LeetCode-in-Java

75. Sort Colors

Medium

Given an array nums with n objects colored red, white, or blue, sort them in-place so that objects of the same color are adjacent, with the colors in the order red, white, and blue.

We will use the integers 0, 1, and 2 to represent the color red, white, and blue, respectively.

You must solve this problem without using the library’s sort function.

Example 1:

Input: nums = [2,0,2,1,1,0]

Output: [0,0,1,1,2,2]

Example 2:

Input: nums = [2,0,1]

Output: [0,1,2]

Example 3:

Input: nums = [0]

Output: [0]

Example 4:

Input: nums = [1]

Output: [1]

Constraints:

• n == nums.length
• 1 <= n <= 300
• nums[i] is 0, 1, or 2.

Follow up: Could you come up with a one-pass algorithm using only constant extra space?

To solve the “Sort Colors” problem in Java with the Solution class, follow these steps:

1. Define a method sortColors in the Solution class that takes an array of integers nums as input and sorts it in-place according to the colors red, white, and blue.
2. Initialize three pointers: low, mid, and high. low points to the beginning of the array, mid points to the current element being processed, and high points to the end of the array.
3. Loop while mid is less than or equal to high:
   • If nums[mid] is 0, swap nums[low] with nums[mid], increment low and mid.
   • If nums[mid] is 1, increment mid.
   • If nums[mid] is 2, swap nums[mid] with nums[high], decrement high.
4. After the loop, the array will be sorted in-place according to the colors red, white, and blue.

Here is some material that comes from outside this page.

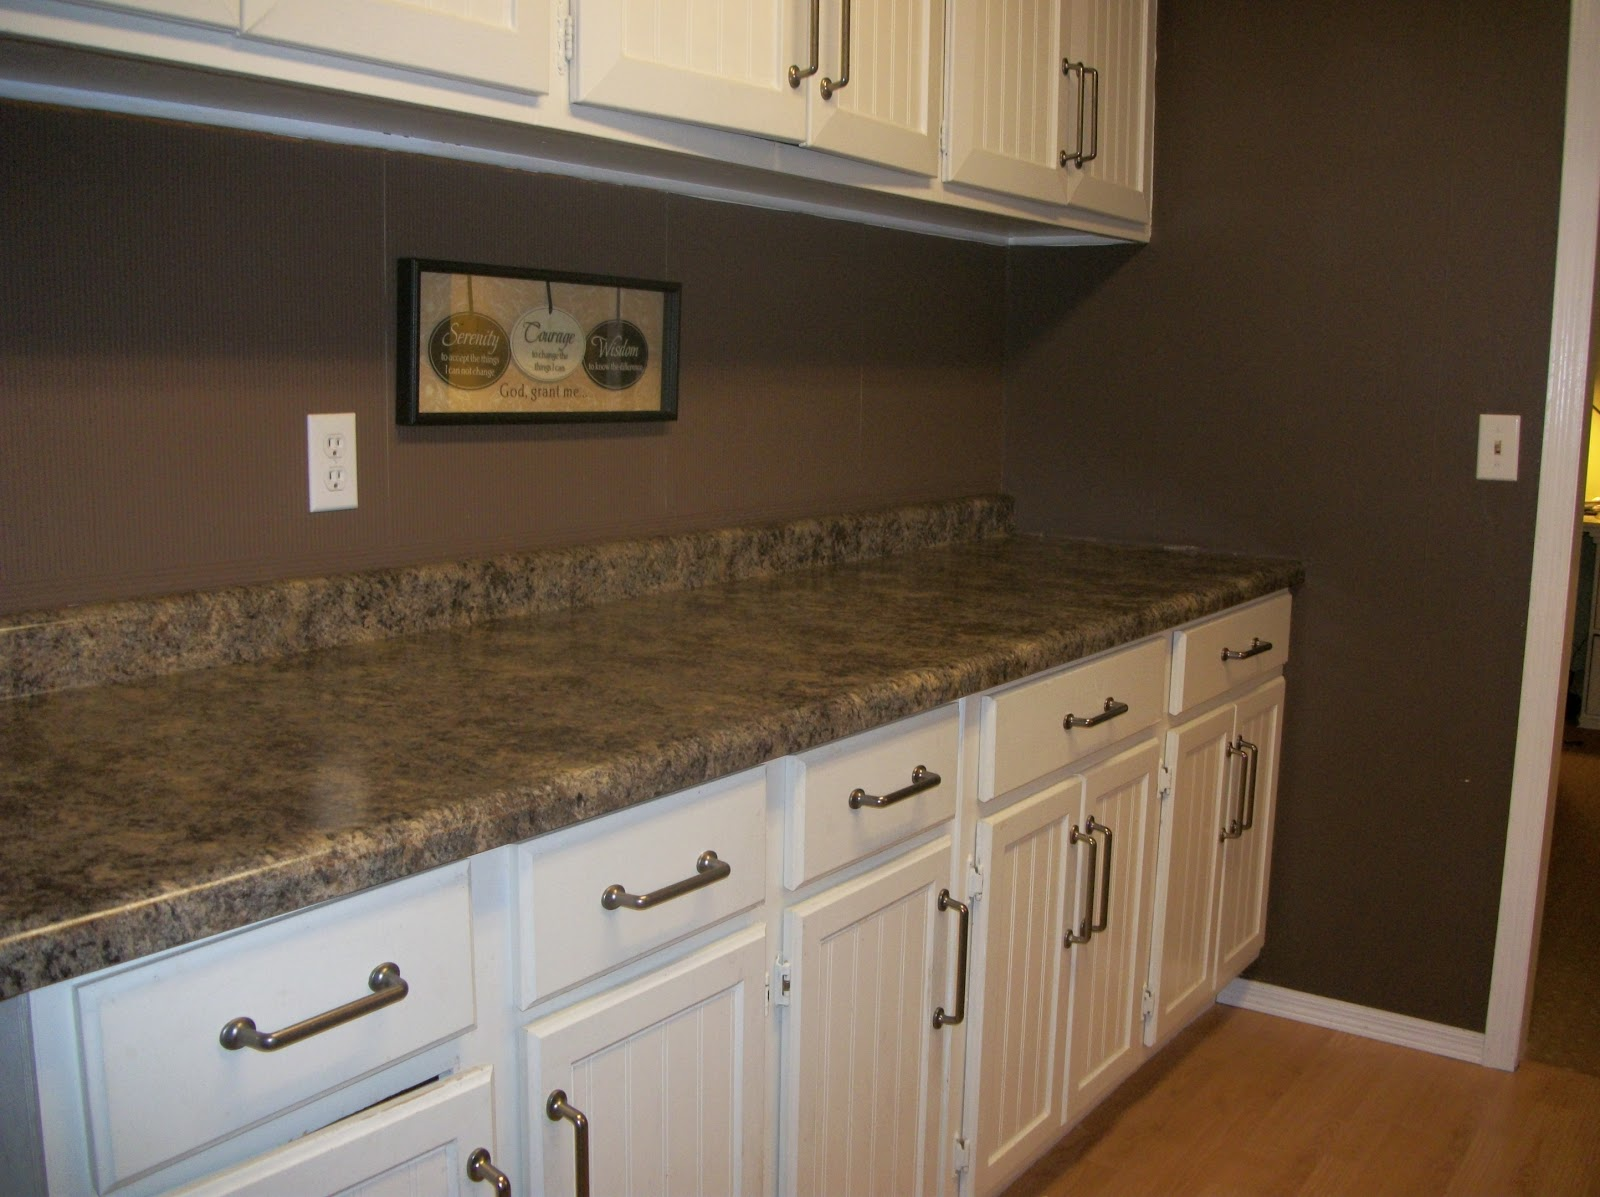 Menards Kitchen Backsplash Storage Wall Units Bella Maria Mom New Countertops Peek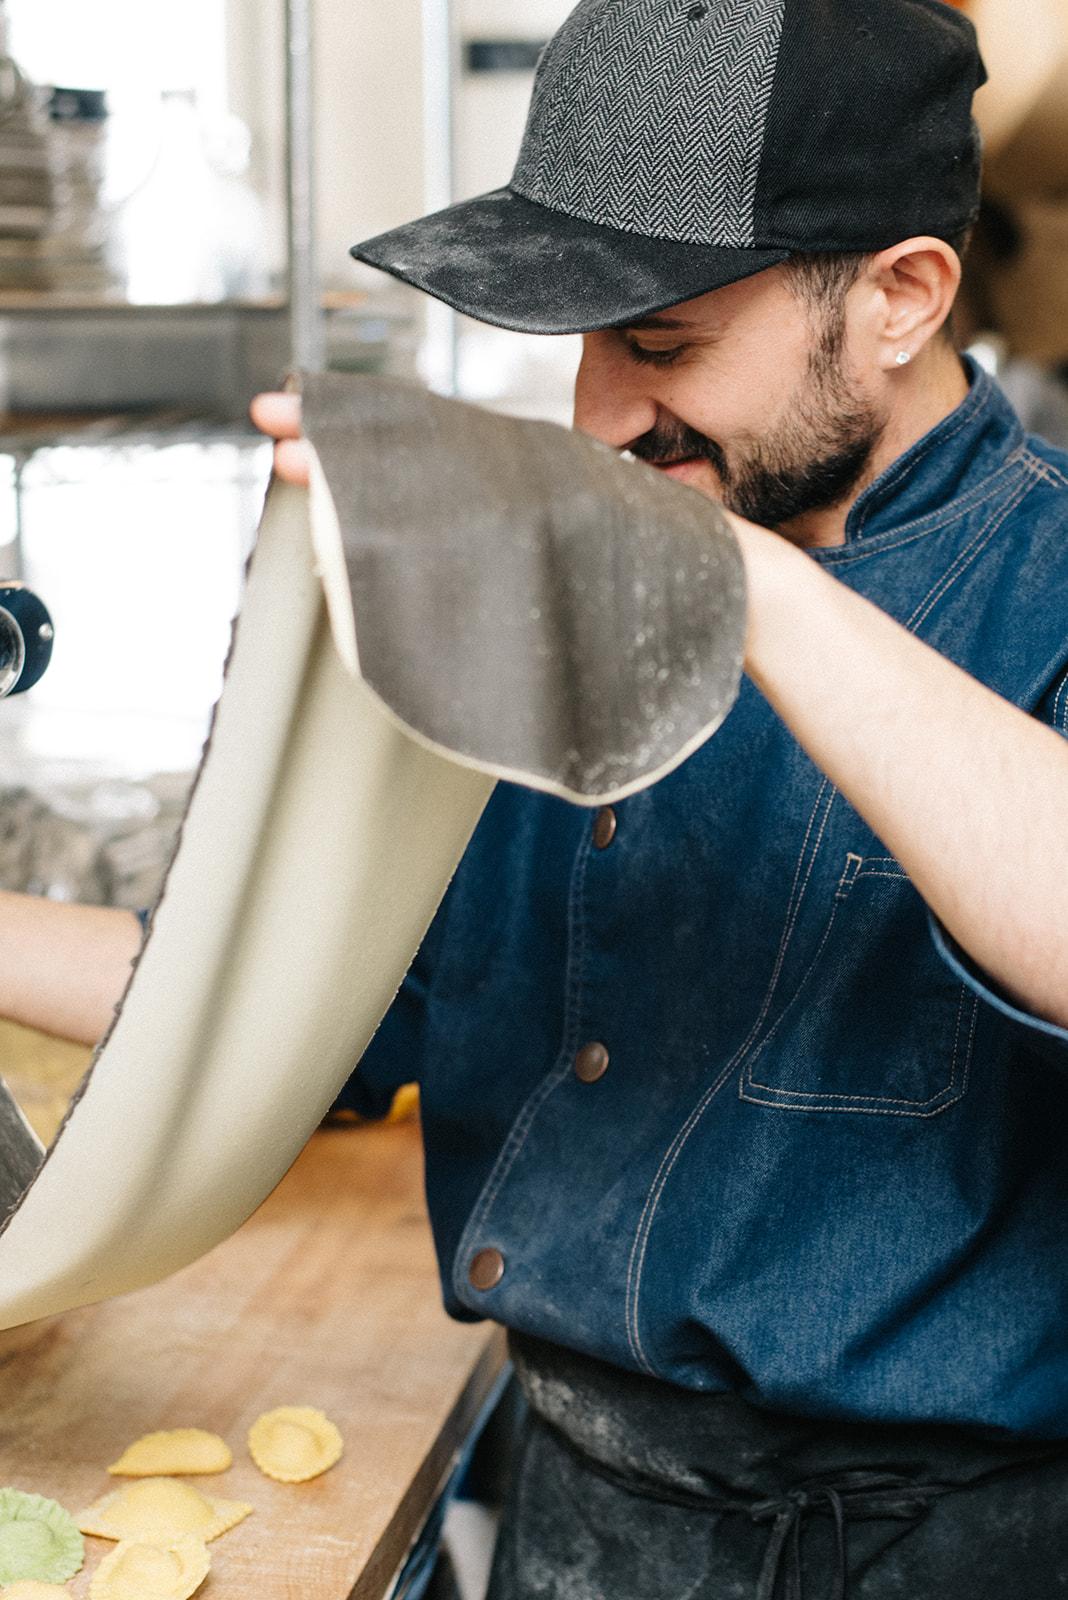 Chef Marco making black and white pasta at Birba image credit:  Sarah Dickenson

Here’s the implementation of the sortColors method in Java:

class Solution {
    public void sortColors(int[] nums) {
        int low = 0;
        int mid = 0;
        int high = nums.length - 1;
        
        while (mid <= high) {
            if (nums[mid] == 0) {
                swap(nums, low, mid);
                low++;
                mid++;
            } else if (nums[mid] == 1) {
                mid++;
            } else {
                swap(nums, mid, high);
                high--;
            }
        }
    }
    
    private void swap(int[] nums, int i, int j) {
        int temp = nums[i];
        nums[i] = nums[j];
        nums[j] = temp;
    }
}

This implementation sorts the array in-place using a one-pass algorithm with constant extra space. It iterates through the array and swaps elements as needed to group them according to their colors. The time complexity of this solution is O(n), where n is the length of the array.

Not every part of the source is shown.